Twitter’s decision against Mr. Trump was also condemned by Vladimir Soloviev, one of the main propagandists in Russian state media. “So it is argued that the US Constitution is inferior to the internal documents of the Twitter company?” he wrote on his Telegram channel.

“Are private companies allowed to create free zones in the US constitution?” said Soloviev, who hosts a weekly TV show devoted to what Russian President Vladimir Putin has been up to this week. “It’s not just a story about Trump.”

Meanwhile, Chechnya’s strong militant leader Ramzan Kadyrov noted that he and Mr. Trump are now united in censorship after his Facebook and Instagram accounts were blocked.

“Now I have something in common with Donald Trump: whereas before he blocked my social media accounts, now Almighty God has restored justice and, therefore, the accounts of the mutineer Donald Trump have also been blocked, ”Kadyrov wrote. on his Telegram channel.

Mr Seibert said that while opposing the outright bans, Ms Merkel had no objection to Twitter or Facebook warning users that certain content – for example, certain tweets from the US president alleging election fraud – was misleading .
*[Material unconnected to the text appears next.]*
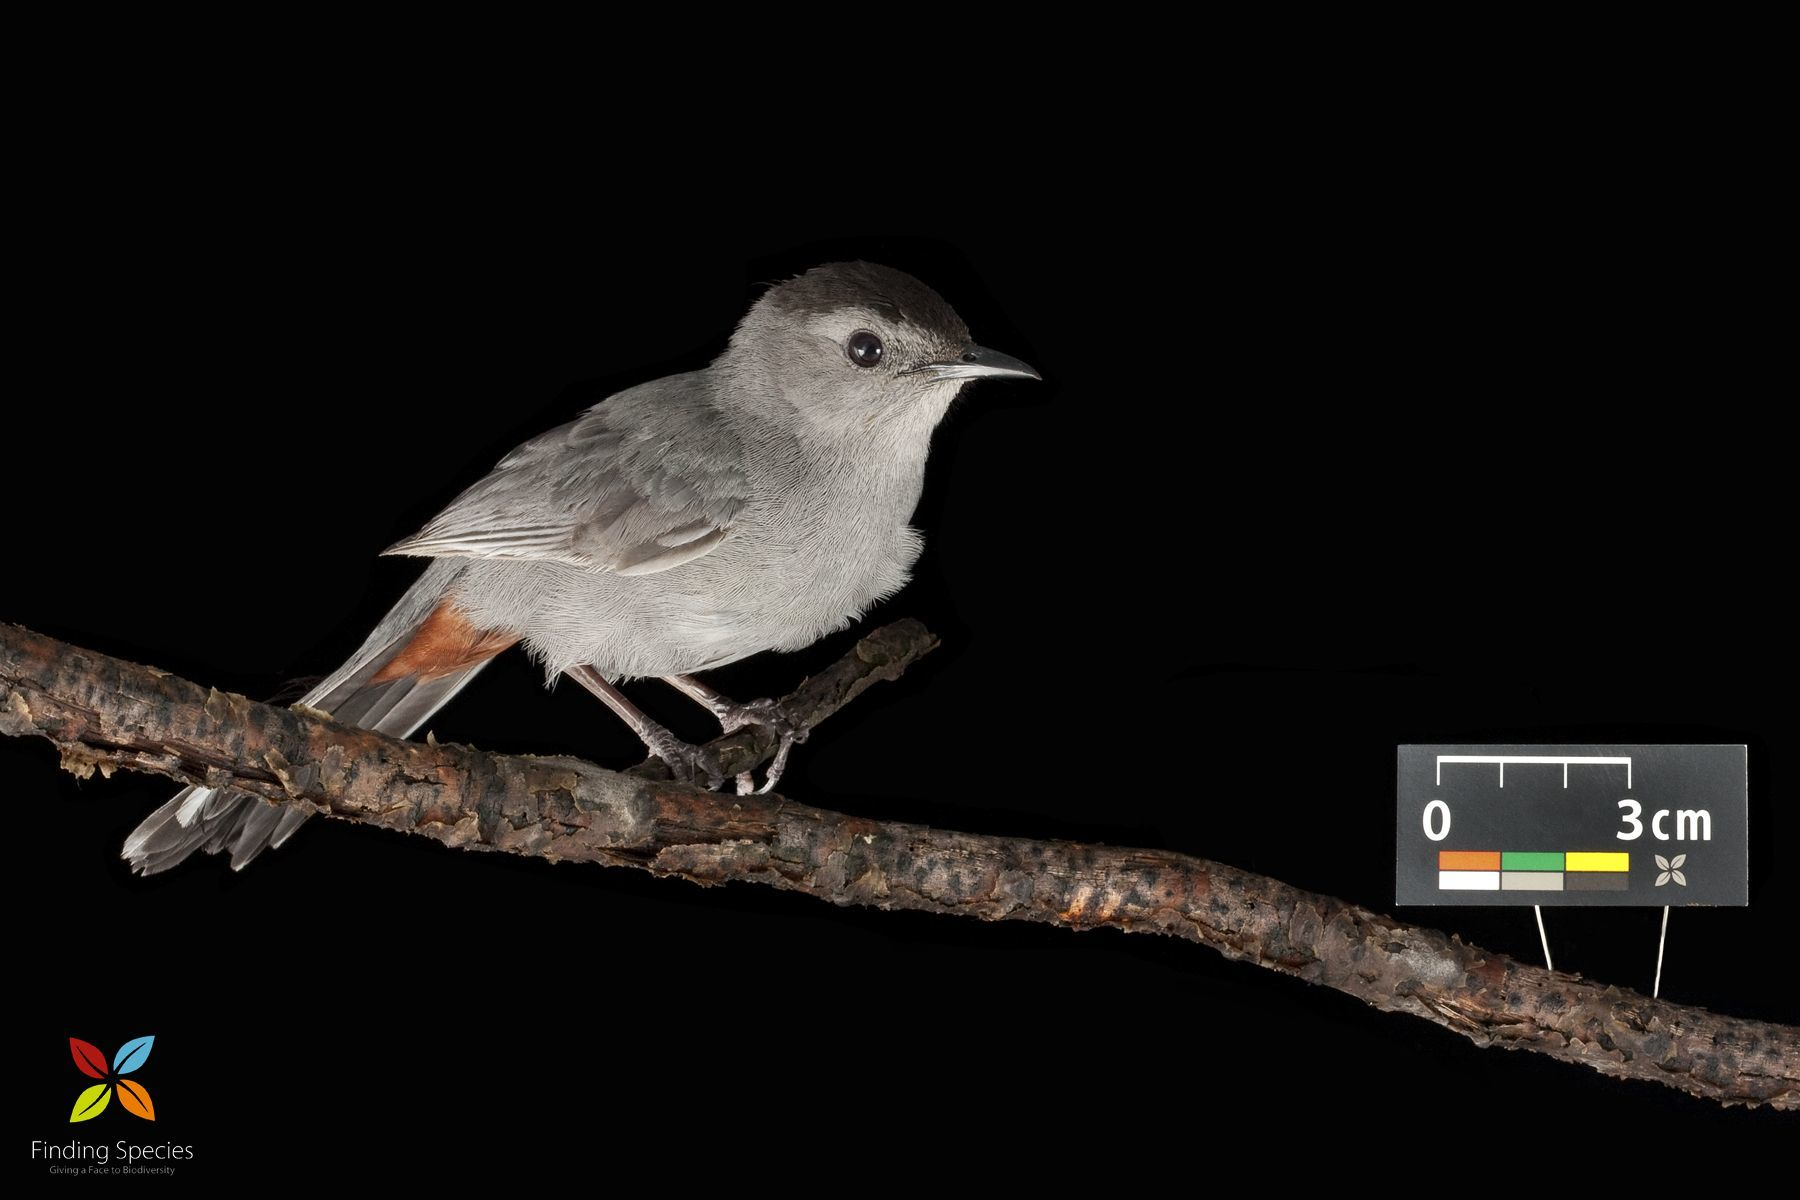 Image of Grey catbird

He said social media companies have “a great responsibility to ensure that political communication is not poisoned by hatred, lies and incitement to violence. And it’s just that they don’t sit idly by when content is posted on some channels that fall into such categories. “

Parler, a niche Twitter rival popular among the far-right, was forced to go offline after Amazon pulled its cloud services on the platform on Sunday, citing its repeated failure to crack down on content inciting violence . This follows similar actions by Google and Apple that banned the app from their app stores over the weekend for the same reasons.

“I never thought we would live in a country. . . where you could get coordinated companies to reverse what you’re doing, ”John Matze, Managing Director of Parler, Told Fox News Monday.

He added that his “billion dollar company” had contacted other “big tech players” to find another web hosting provider, but had been turned down.

Parler, a self-proclaimed “impartial social network” that claims to defend “free speech,” received 9.6 million installs worldwide in 2020, including about 7.8 million in the United States, according to data from SensorTower.